从信息论的角度来看，DNA 链是字母 $\{A,T,G,C\}$ 上 4ary 数据的存储介质。DNA 数据存储具有强大的信息密度、长期耐久性和易于复制的特点。然而，由于容易出错的数据序列以及插入、删除和替换错误，这种有趣的存储技术中的信息可能会被破坏。实验表明，同聚物较长和/或 GC 含量较低的 DNA 序列在存储时明显更容易出错。为了应对这一生化挑战，有人提出在 DNA 数据存储系统中使用约束码，并在文献中对其进行了相应的研究。本文研究了在 DNA 数据存储中如何利用最近推出的词典排序受限（LOCO）代码设计方法来提高性能。LOCO 代码具有容量可实现性、低复杂性和易重构性。本文介绍了在字母表 $\{A,T,G,C\}$ 上有限运行相同符号的新型约束码，即 DNA LOCO（D-LOCO）码。由于它们的有序结构，这些编码带有我们推导出的编码-解码规则，它提供了简单、经济的编码-解码算法。就存储开销而言，所提出的编码-解码算法优于现有文献中的算法。我们的算法基于小尺寸加法器，因此很容易重新配置。D-LOCO 编码本质上是平衡的，这使我们能够在整个 DNA 链上实现 AT 和 GC 含量的平衡，同时将速率损失降到最低。此外，我们还提出了四种桥接连续码字的方案，其中三种方案可保证每个码字只检测到一次替换错误。我们研究了在假定的对称 DNA 存储信道上，仅受替换错误影响的未检测到错误的概率。我们还证明，D-LOCO 编码具有很高的容量，即使长度适中，也能提供很高的速率。

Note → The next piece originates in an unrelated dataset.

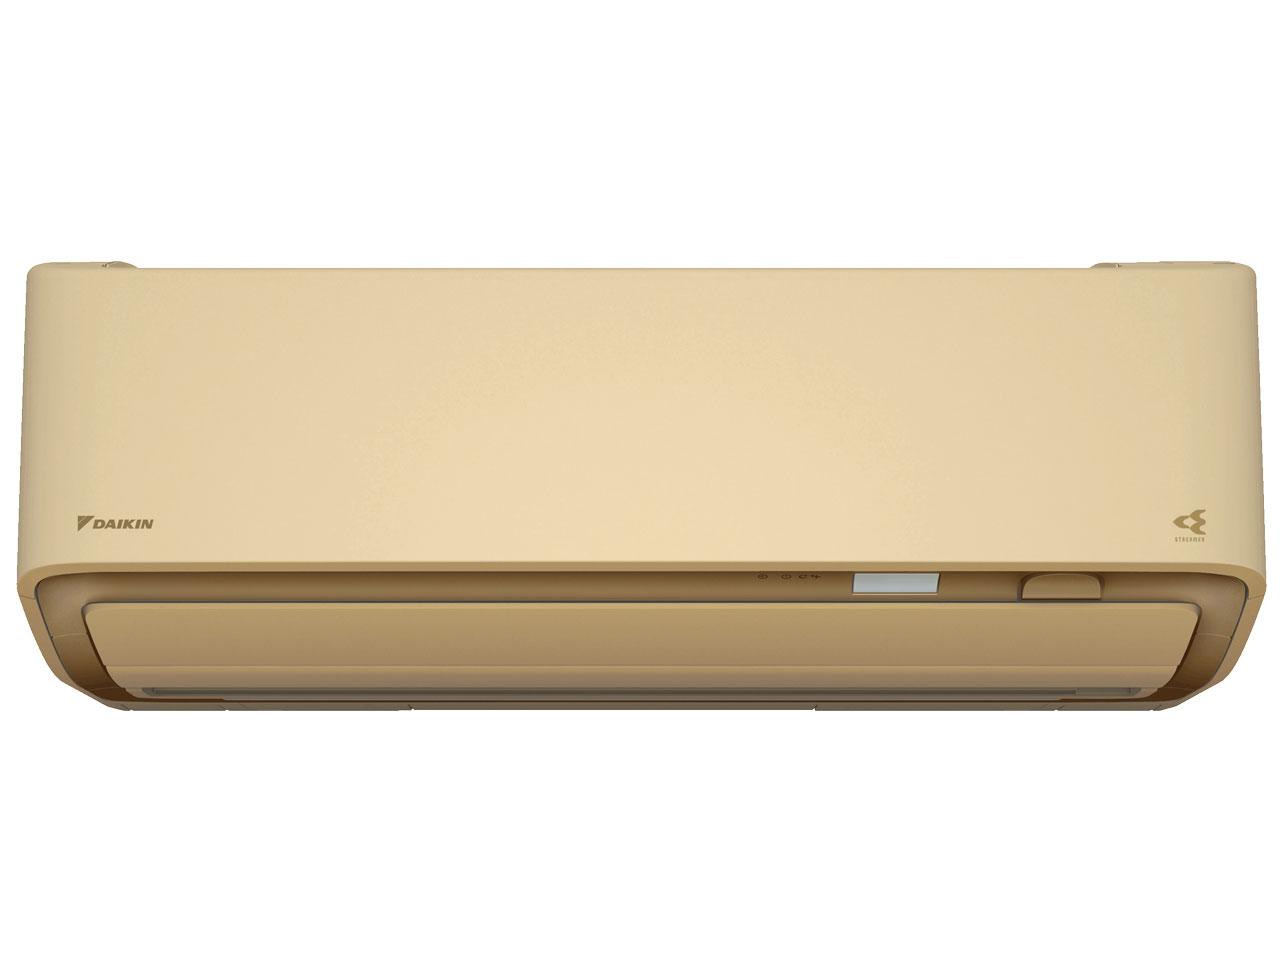 ダイキン 19年モデル うるさら7 RXシリーズ S40WTRXP-C 【200V用】14畳用冷暖房除湿エアコン

本文章由计算机程序翻译，如有差异，请以英文原文为准。

求助全文

约1分钟内获得全文求助全文

来源期刊

IEEE Transactions on Molecular, Biological, and Multi-Scale Communications Mathematics-Modeling and Simulation

CiteScore

3.90

自引率

13.60%

发文量

期刊介绍： As a result of recent advances in MEMS/NEMS and systems biology, as well as the emergence of synthetic bacteria and lab/process-on-a-chip techniques, it is now possible to design chemical “circuits”, custom organisms, micro/nanoscale swarms of devices, and a host of other new systems. This success opens up a new frontier for interdisciplinary communications techniques using chemistry, biology, and other principles that have not been considered in the communications literature. The IEEE Transactions on Molecular, Biological, and Multi-Scale Communications (T-MBMSC) is devoted to the principles, design, and analysis of communication systems that use physics beyond classical electromagnetism. This includes molecular, quantum, and other physical, chemical and biological techniques; as well as new communication techniques at small scales or across multiple scales (e.g., nano to micro to macro; note that strictly nanoscale systems, 1-100 nm, are outside the scope of this journal). Original research articles on one or more of the following topics are within scope: mathematical modeling, information/communication and network theoretic analysis, standardization and industrial applications, and analytical or experimental studies on communication processes or networks in biology. Contributions on related topics may also be considered for publication. Contributions from researchers outside the IEEE’s typical audience are encouraged.